Leccardi (2005), a partir de pesquisa recente realizada na Itália, aponta para uma nova percepção de tempo sendo constituída pelos jovens em resposta às condições adversas de futuro profissional. Segundo a autora, em uma época na qual o futuro a médio e longo prazo não pode ser discutido sem suscitar preocupações e, com freqüência, um sentimento de verdadeiro temor, a maior parte dos jovens, moços e moças, encontra refúgio, sobretudo em projetos de curto ou curtíssimo prazo, e assume o “presente estendido” como área temporal de referência. Reagem ao “tempo curto” com projetos que se expressam sobre arcos temporais mínimos e, por isso mesmo, parecem extremamente maleáveis. Em geral, conforme Leccardi, os jovens se ligam á conclusão positiva de atividades já iniciadas capazes de responder tanto à necessidade de assenhorear-se do tempo biográfico em um ambiente veloz e incerto, como à pressão social por resultados em curto prazo.

Delory-Momberger (2006) e Josso (1999) convergem na idéia de que através da técnica da narrativa das histórias de vida os sujeitos poderiam melhor construir seus projetos profissionais e de vida de forma mais ampla. A técnica do ateliê biográfico, proposta pelas autoras, é um procedimento que inscreve a história de vida em uma dinâmica prospectiva ligando o passado, o presente e o futuro do sujeito.
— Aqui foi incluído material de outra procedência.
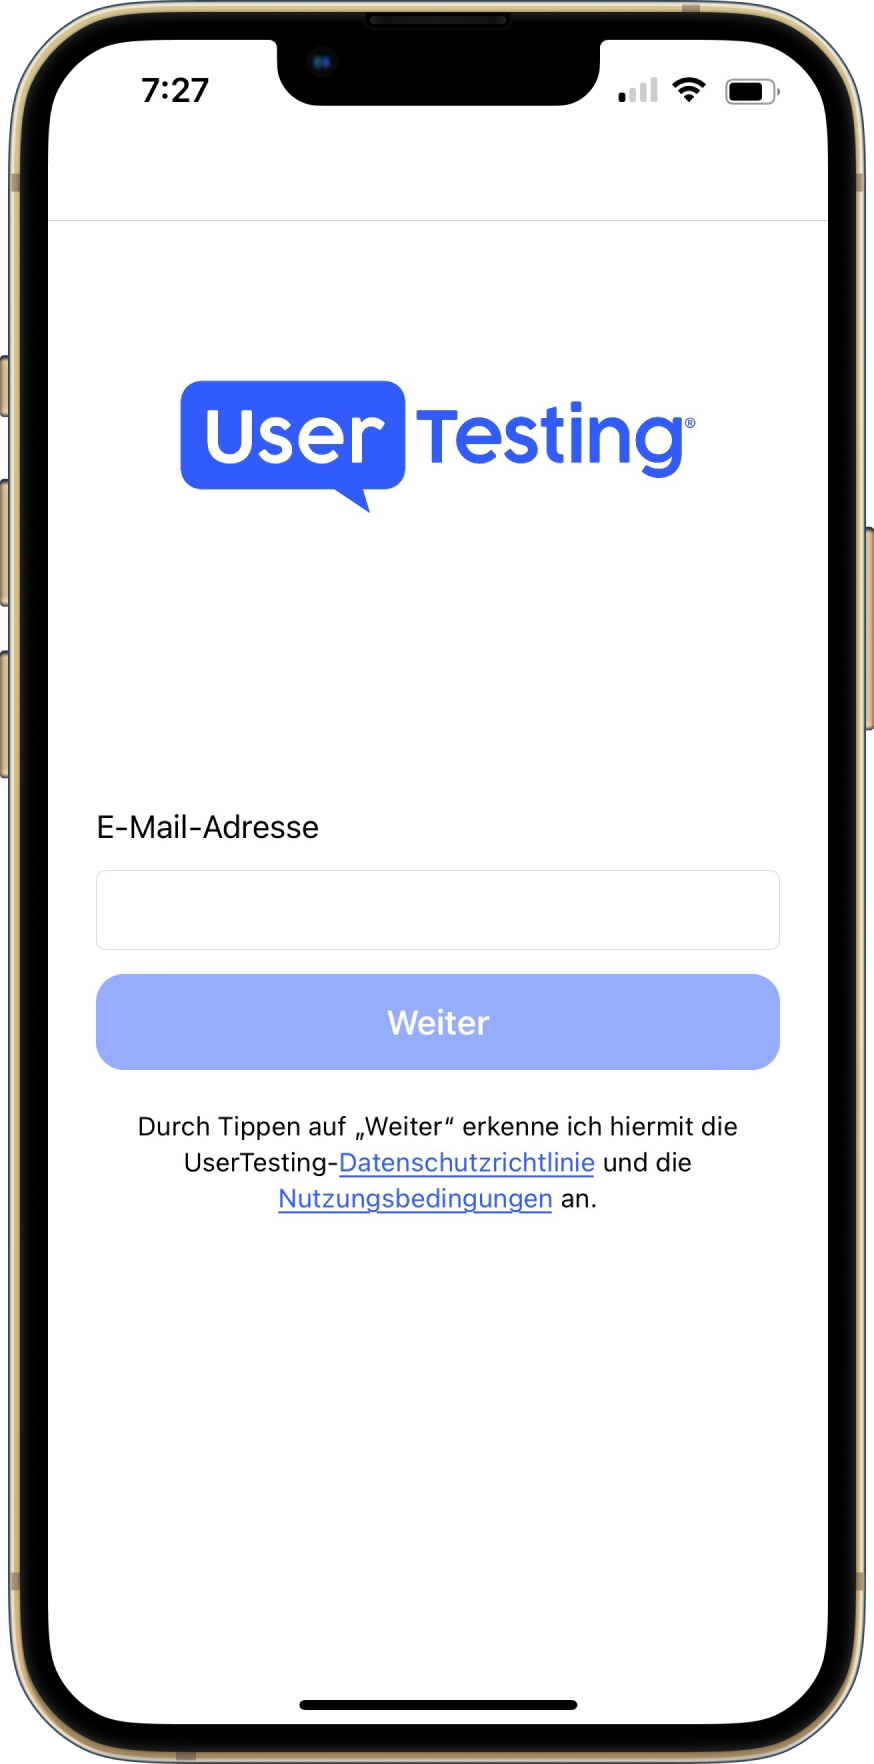 Der Anmeldebildschirm von UserTesting mobile. Es gibt ein Feld zur Eingabe Ihrer E-Mail-Adresse und eine Schaltfläche Weiter, um zum nächsten Bildschirm zu gelangen. Die Schaltfläche Weiter ist deaktiviert, um anzuzeigen, dass die E-Mail-Adresse erforderlich ist.

Visa fazer emergir seu projeto pessoal, considerando a dimensão do relato como construção da experiência do sujeito e da história de vida como espaço de mudança aberto ao projeto de si.

Além destes, ainda na produção nacional, destaque para Catão (2001) que discute o projeto a partir de três dimensões, subdivididas em oito classes de operadores: (1) Dimensão espaço-temporal: possibilidade de realização de projetos em função dos antecedentes sócio-ocupacionais; da mudança de vida; e das práticas institucionais (inserções presentes possibilitadoras de inserções no tempo futuro); (2) Dimensão sócio-afetiva: possibilidade de construção das bases psicossociais para operacionalização do projeto de vida em função da exclusão/ inclusão social; da tríade trabalho-educação-família; da relação com o outro e consigo; e da relação de agressão/destruição com este projeto; (3) Dimensão sócio-cognitiva: possibilidade de elaboração e crítica constante do projeto de vida em função do pensamento/reflexão (diálogo consigo mesmo sobre si e sobre o mundo em relação). Cada dimensão descrita age como fator possibilitante ou impossibilitante de um determinado comportamento do indivíduo, no nosso caso, a escolha, o ingresso e a conclusão de um curso superior.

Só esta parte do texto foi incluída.